I am currently thinking about migrating an R package with underlying C/C++ code to a Julia package. However, in the short term the large C/C++ codebase should be reused and therefore is intended to be called from within Julia instead of R.
My problem is now, that I neither want to ship binaries nor do I want the user having to install make, gcc etc. and compile the files. Instead I would like to have a singular Julia package which does this process for the user (similar to R CMD INSTALL). I have not found much beside BinaryBuilder.jl and CMake.jl so far. How can I achieve this and what is best practise?
I guess that by “I neither want to ship binaries […]” you mean that you don’t want to do this manually? In this case, you could contribute your C code as a recipe to GitHub - JuliaPackaging/Yggdrasil: Collection of builder repositories for BinaryBuilder.jl, which creates binaries which can be installed like a normal julia package and which would serve as a dependency for your pure julia package.
Thanks for your reply! It took me some time to read into the topic, please excuse my ghosting.
What I tried to express was: I was wondering whether there is a proper way to work without cross-compilation. My understanding is that BinaryBuilder + Yggdrasil is used to cross-compile reliably and distribute the binaries. Another approach would be to have the user compile the binaries on his own machine.
The question arises since in the R ecosystem this is possible and sometimes even necessary because the CRAN requirements are quite strict.
More packages used to do this, but this created a rather terrible user experience.
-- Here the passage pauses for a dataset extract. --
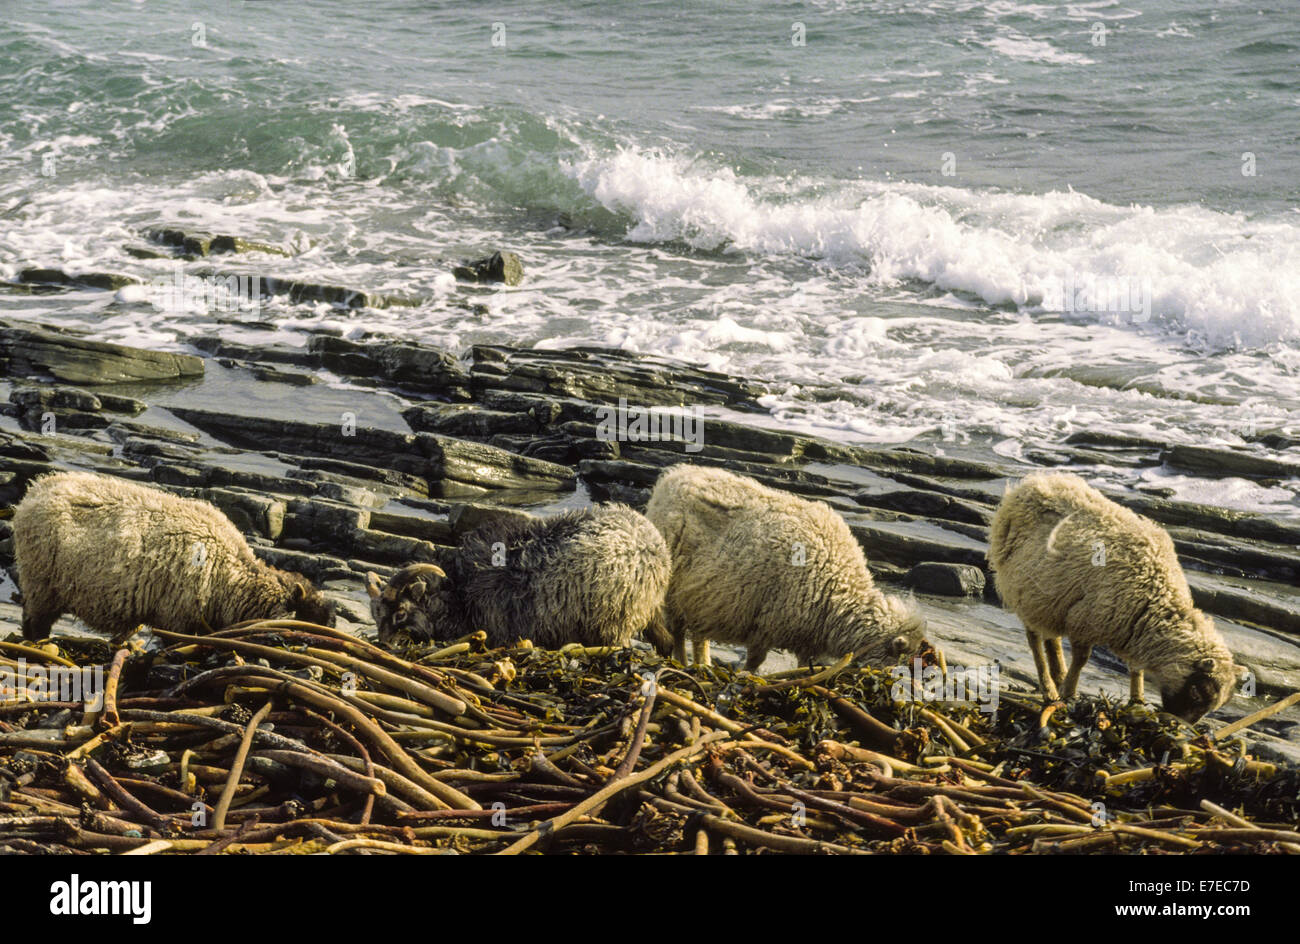 NORTH RONALDSAY ORKNEY SHEEP FEEDING ON KELP OR SEAWEED ON THE SEASHORE Stock Photo

Most now use BinaryBuilder via Yggdrasil because this works quite reliably and does not impose many requirements upon the user. This will produce a JLL package.
Ok. Maybe this does: I had some potential issues in mind which I thought could arise with the cross-compilation approach. However in the meantime I have come to the conclusion that these potential issues are actually nonsense. Being more specific would mean presenting you some flawed argument which probably doesn’t benefit anyone.